Spark Graphx: Loading a graph from adjacency matrix

Question

I have been experimenting with the Graphx APIs of Spark, primarily to learn and have a feel of how to use them. In the process, I have to load an adjacency matrix into a graph. The matrix dataset is here.

From the site, the matrix is described as

A number of employees in a factory was interviewed on a question: “Do you like to work with your co-worker?”. Possible answers are 1 for yes and 0 for no. Each employee gave an answer for each other employee thus creating an adjecancy matrix.
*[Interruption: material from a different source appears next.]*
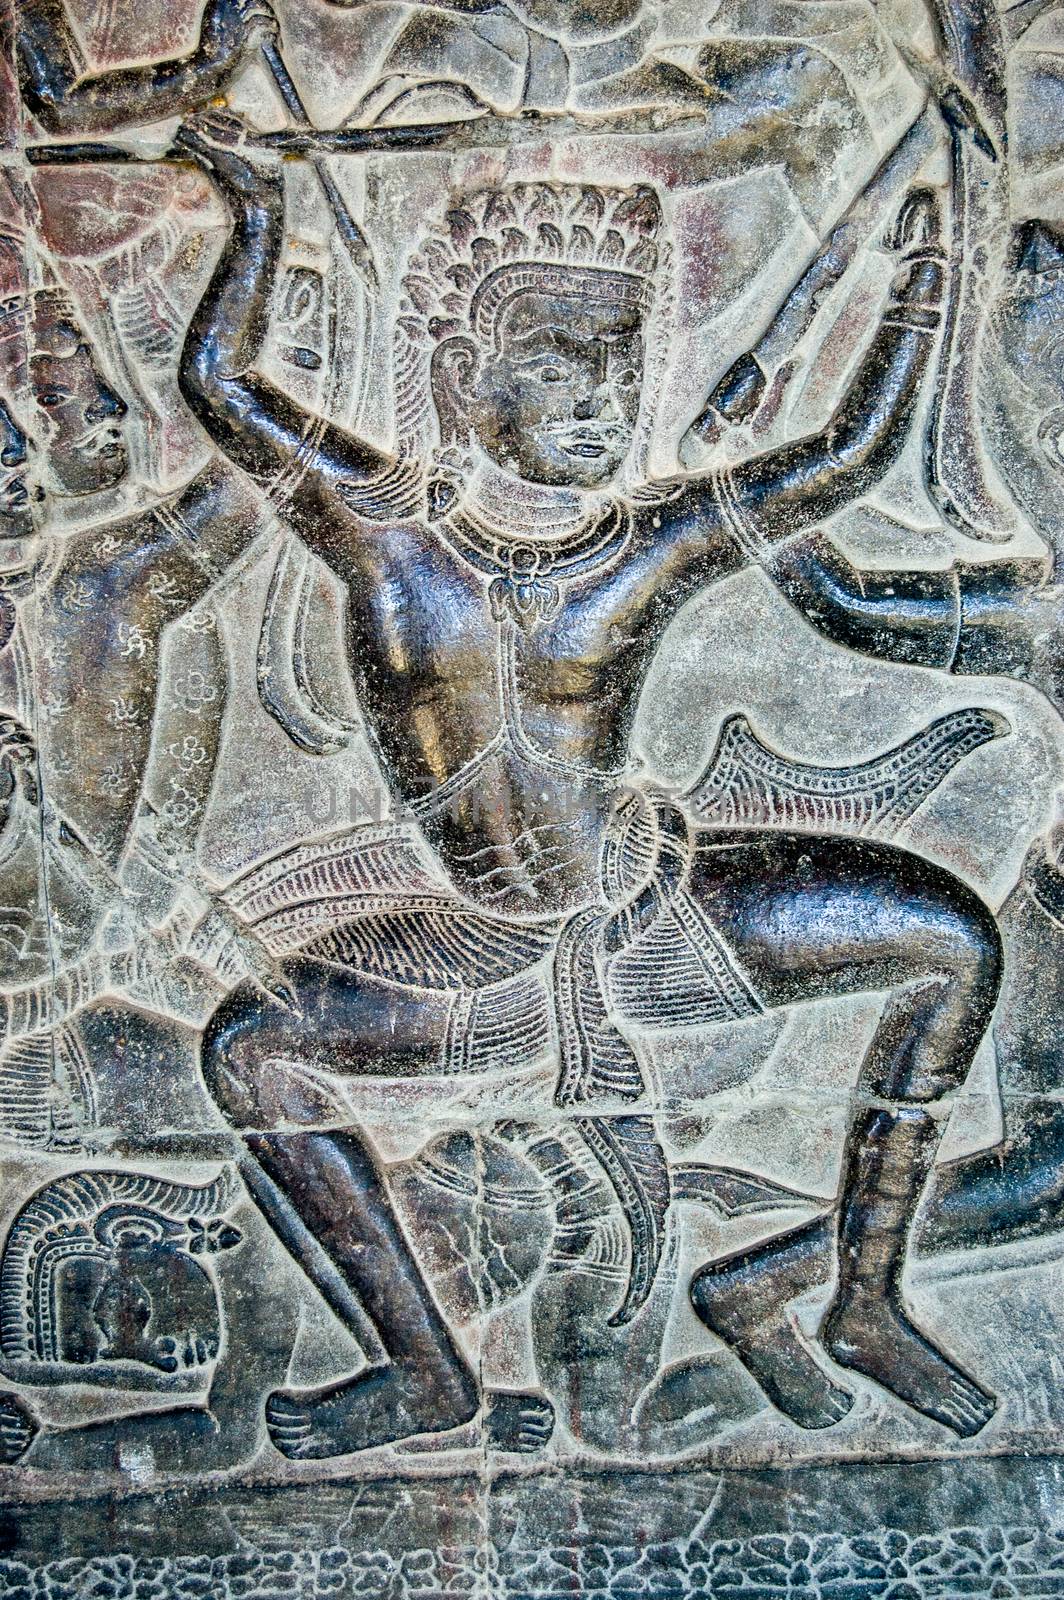 Ancient Khmer bas relief of Kauravaa soldier holding spear in the Battle of Kurukshetra. Wall of Angkor Wat Temple, Siem Reap, Cambodia.

So, I have decided to name the employees as English alphabets ("A" onwards). Employees form the nodes of the graph, and their preferences for their co-workers form the edges. I haven't found any straightforward way in Spark to achieve this; my R-programmer friends tell me that it is quite easy to do so, in their world. So, I set upon writing a naive implementation to do so. Here's the code

val conf = new SparkConf().setMaster("local[*]").setAppName("GraphExploration App")
val spark = SparkSession
  .builder()
  .appName("Spark SQL: beginners exercise")
  .getOrCreate()     

    val sc = SparkContext.getOrCreate(conf)

      val df = spark.read.csv("./BlogInputs/sociogram-employees-un.csv").cache

      val allRows = df.toLocalIterator.toIndexedSeq

      type EmployeeVertex = (Long,String)

      val employeesWithNames = (0 until allRows.length).map(i => (i.toLong,((i + 'A').toChar.toString())))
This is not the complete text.